But here is is almost 40 years later, and the scaredy-cat dog and his human friends are still hugely popular. It's hard to keep track of them all, but "Scooby-Doo Pirates Ahoy!" makes somewhere around the 44th home video release—and that's not counting the live-action films that the cartoon inspired. I don't know if that's the most amazing thing, or if it's the fact that original cast members Casey Kasem and Frank Welker are still doing the voices of Shaggy and Fred, with Mindy Cohn and Grey Delisle handling Velma and Daphne now. Welker also gives voice to Scooby these days, which isn't saying a lot, because the spotlight doesn't shine on Scooby in "Pirates Ahoy!" as it did in previous releases. This installment, the gang abandons their psychedelically detailed green mini-van and boards a cruise ship with Fred's parents (Tim Conway and Peggy Jones), who seem to get more air-time than poor Scoob.
Then again, this is a series that has been constantly evolving—from those early (most would say "failed") experiments with a pup named Scrappy-Doo or a dim-witted relative named Scooby-Dum, to four direct-to-video features around the turn of the century ("Scooby-Doo on Zombie Island," "Scooby-Doo and the Witch's Ghost," "Scooby-Doo and the Alilen Invaders," and "Scooby-Doo and the Cyber Chase") that briefly abandoned the show's core concept of unmasking fake monsters by using real ones.
Maybe it's time to tinker again, because the creative minds that are driving the series seem to be taking a siesta in the back seat of the Mystery Machine.

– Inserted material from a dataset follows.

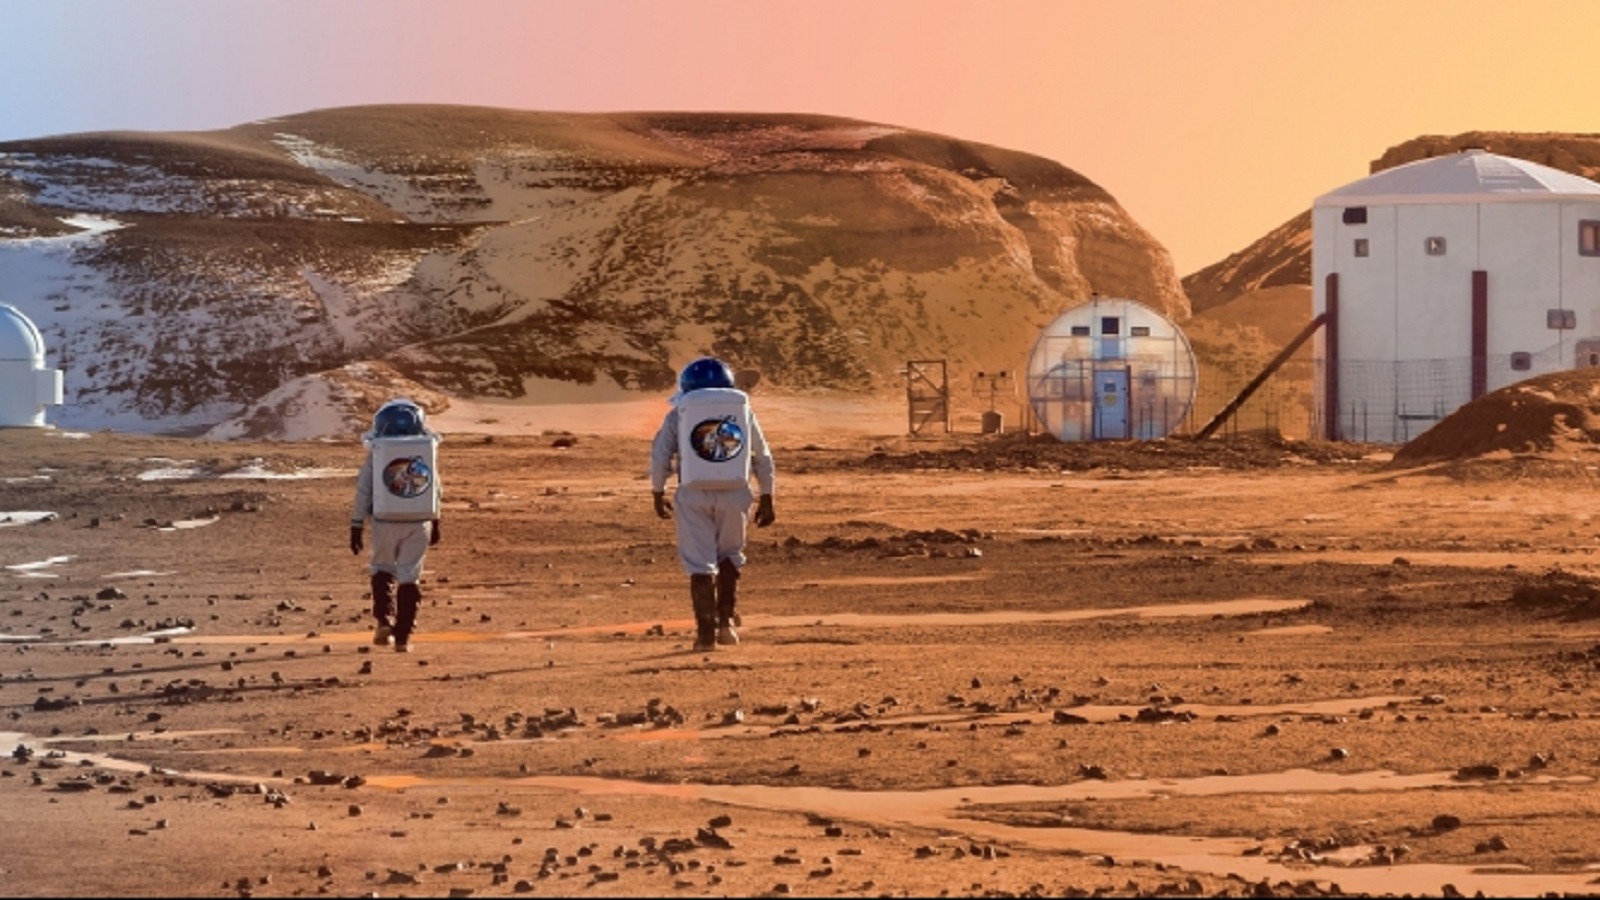 "ناسا" تفتح أبوابها: من يريد زيارة المريخ؟!

Recent direct-to-video entries have been heavily derivative, drawing on elements of popular films so much that it's hard to tell what's an influence or homage and what's just a blatant rip-off from writers too lazy to come up with something fresh.
"Pirates Ahoy! is like "Poseidon" and "Titanic" meets "Pirates of the Caribbean: The Curse of the Black Pearl." That in itself wouldn't be bad, if in fact the film's creators were aiming to give a similar experience to kids who are too young to get their thrills and scares from the blockbuster films. But too many of the scenes involving the ghost pirates are just pointless chases, with no real tension build-up and no real threatening situations. Even the comedy seems limp as a rubber sword this time around, and my eight year old, a Scooby connoisseur, gave it one peanut-butter covered thumb down—though in fairness, my four year old liked it. I guess that speaks volumes about the film's appeal.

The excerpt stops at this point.